The Journal of Thoracic and Cardiovascular Surgery
- Discipline: cardiothoracic surgery, cardiology, pulmonary disease
- Language: English
- Edited by: G. Alexander Patterson

Publication details
- Former name: Journal of Thoracic Surgery
- History: 1931–present
- Publisher: Elsevier (United States and Canada)
- Frequency: Monthly
- Impact factor: 5.209 (2020)

Standard abbreviations
- ISO 4: J. Thorac. Cardiovasc. Surg.

Indexing
- ISSN: 0022-5223 (print) 1097-685X (web)

Links
- Journal homepage;

= The Journal of Thoracic and Cardiovascular Surgery =

Peer-reviewed scientific journal

The Journal of Thoracic and Cardiovascular Surgery is a monthly peer-reviewed medical journal covering cardiothoracic surgery, cardiology, pulmonary medicine, and vascular disease published by Elsevier.
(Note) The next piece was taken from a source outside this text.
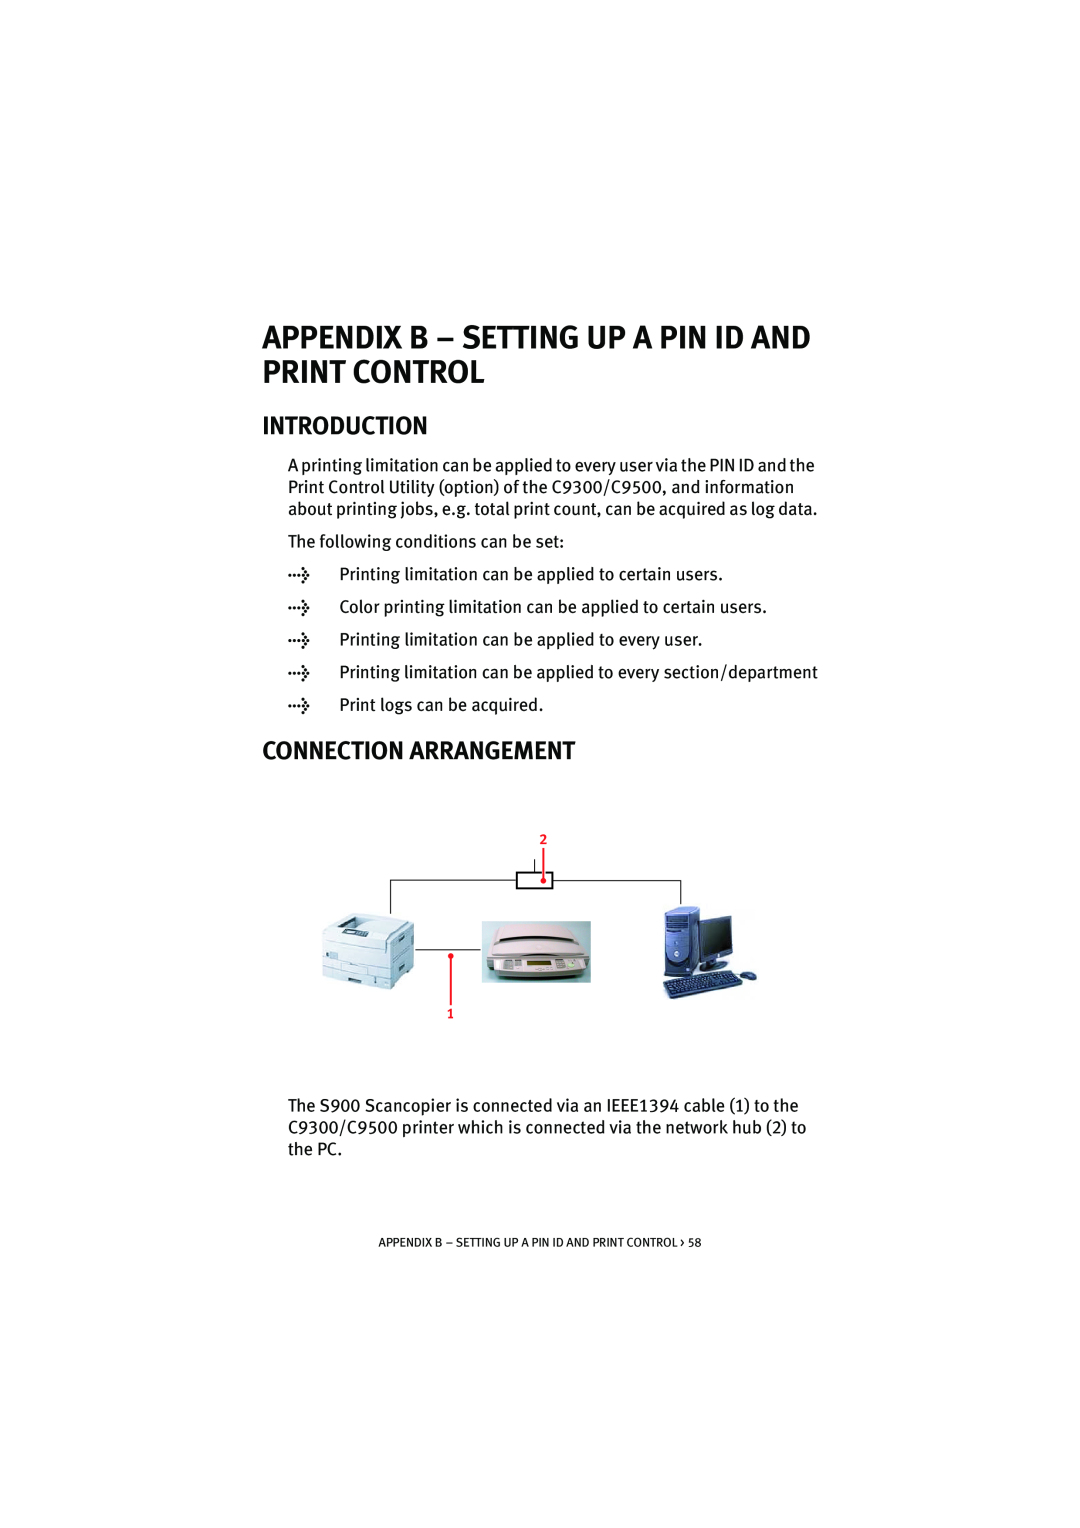 Oki S900 manual Appendix B - Setting Up A Pin Id And Print Control, Introduction, Connection Arrangement

It is the official journal of the American Association for Thoracic Surgery and the Western Thoracic Surgical Association.

==History and Impact==
The journal was established in 1931 as the Journal of Thoracic Surgery. The journal has the second highest impact factor of all cardiothoracic surgery journals. According to the Journal Citation Reports, its 2020 impact factor is 5.209, ranking it 21st out of 212 journals in the category "Surgery".